- **INSTRUCTIONS FOR THE TASK**:
Apart from the images, output the data below exactly.

- **DATA SECTION**:

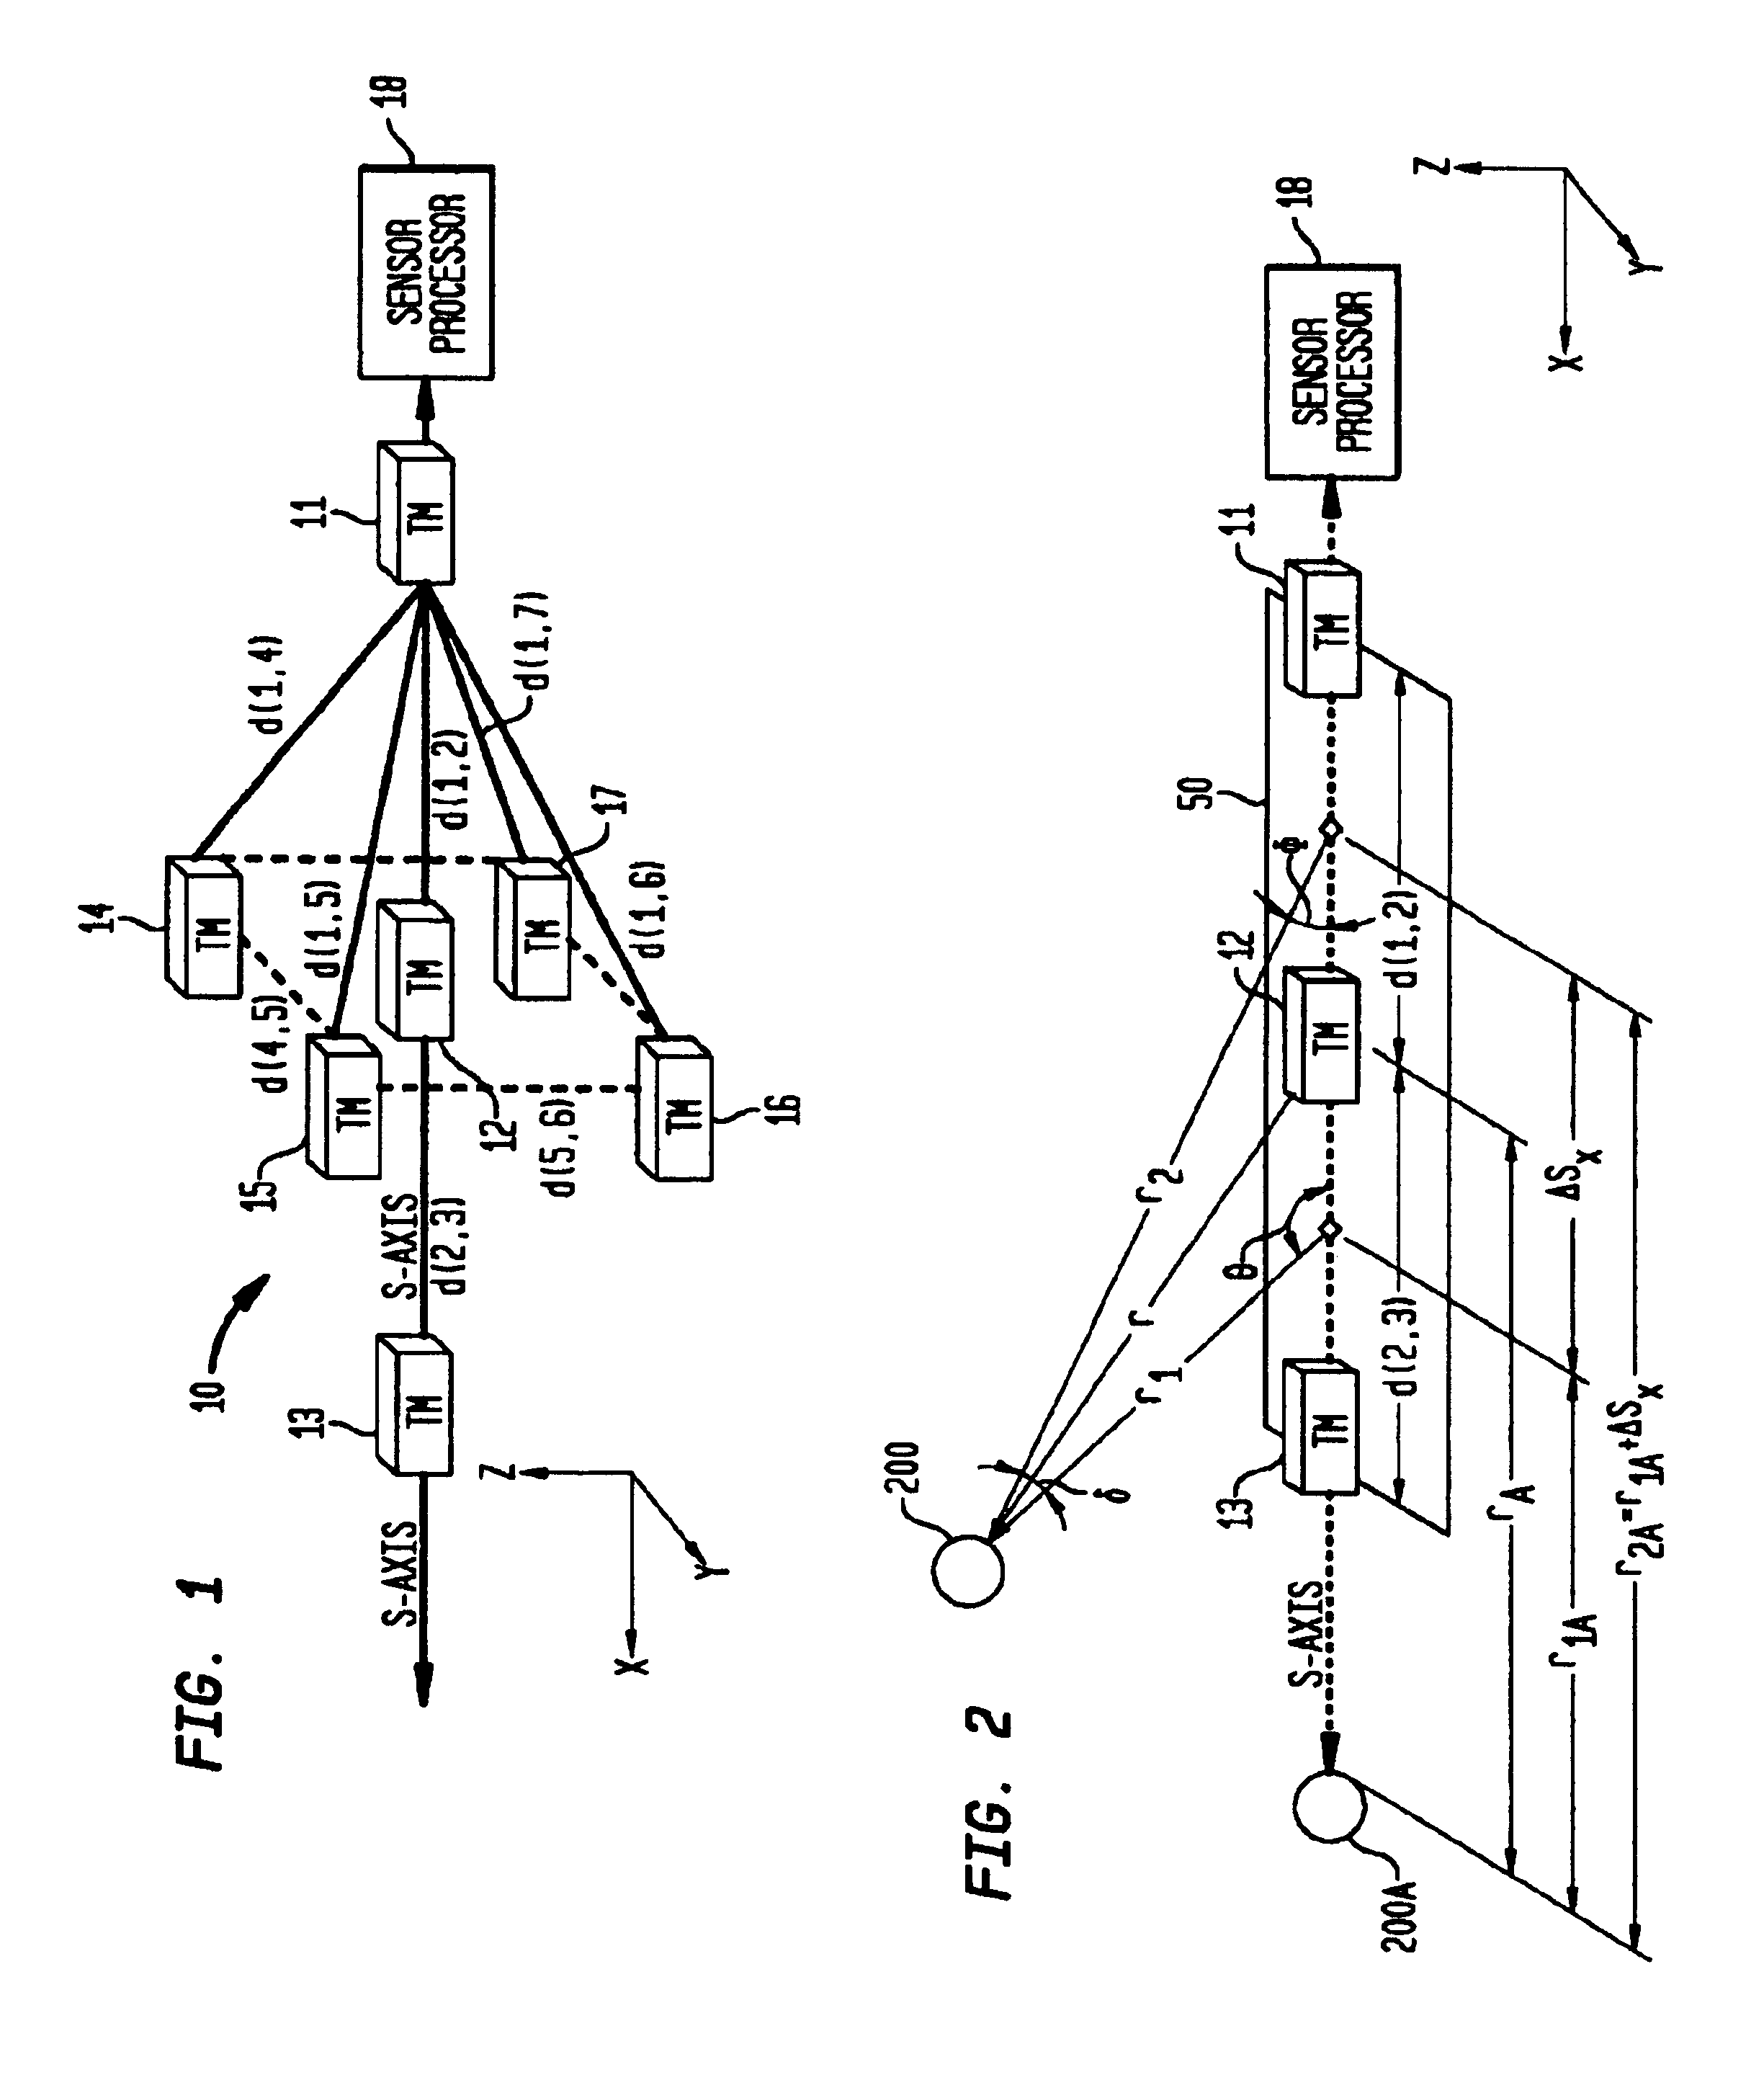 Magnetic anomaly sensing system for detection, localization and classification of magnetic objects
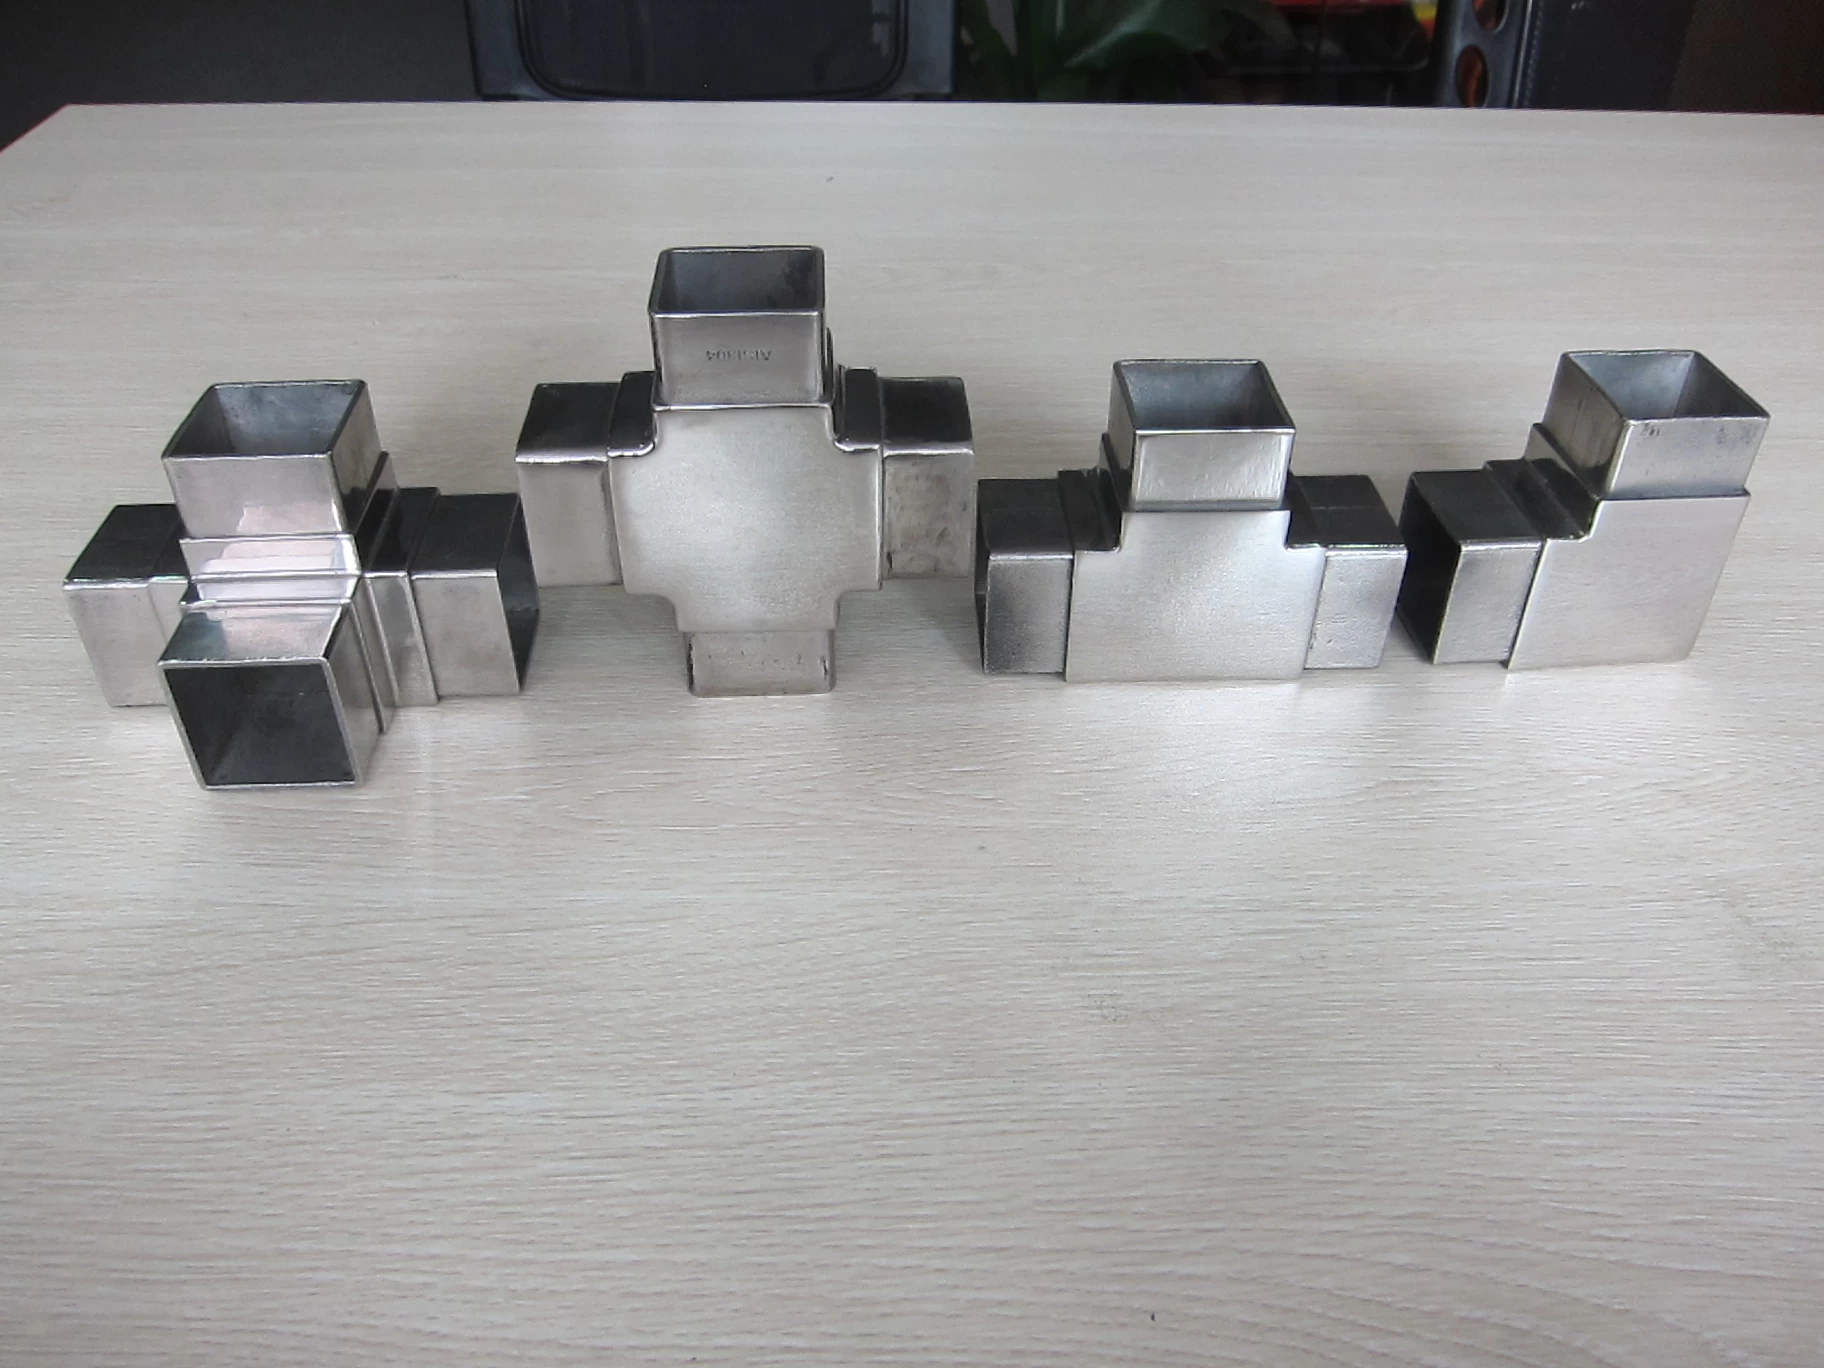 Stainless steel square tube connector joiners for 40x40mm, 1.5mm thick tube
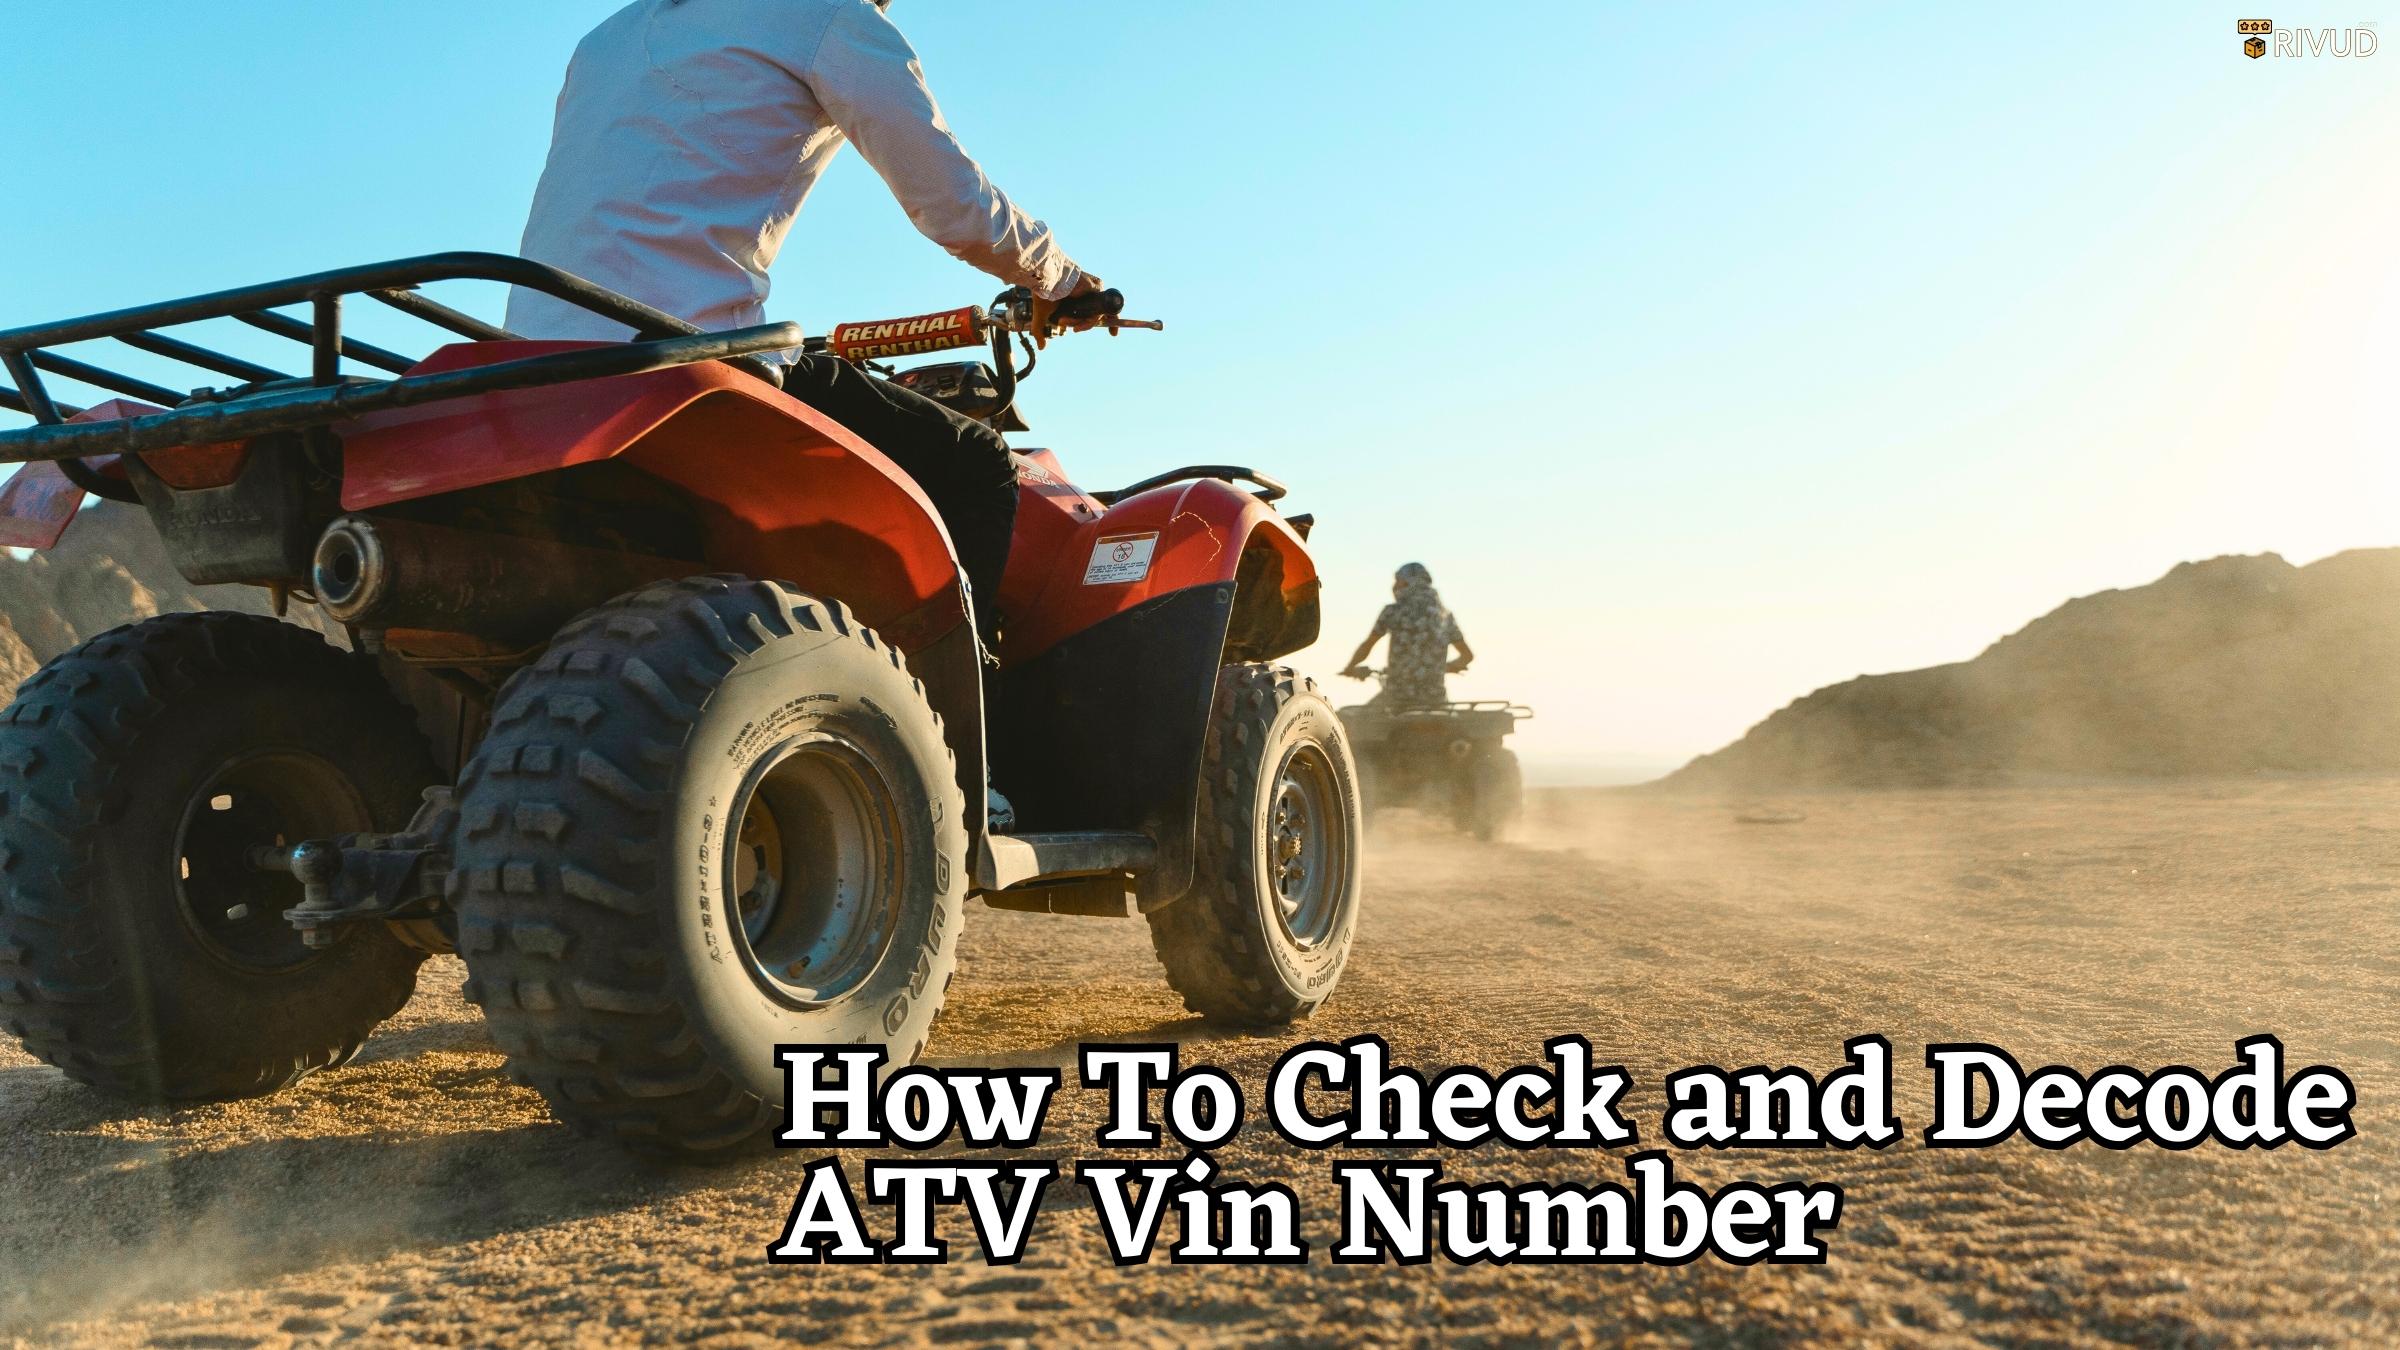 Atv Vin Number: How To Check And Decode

- **ANSWER SECTION**:
 Magnetic anomaly sensing system for detection, localization and classification of magnetic objects
 Stainless steel square tube connector joiners for 40x40mm, 1.5mm thick tube
 Atv Vin Number: How To Check And Decode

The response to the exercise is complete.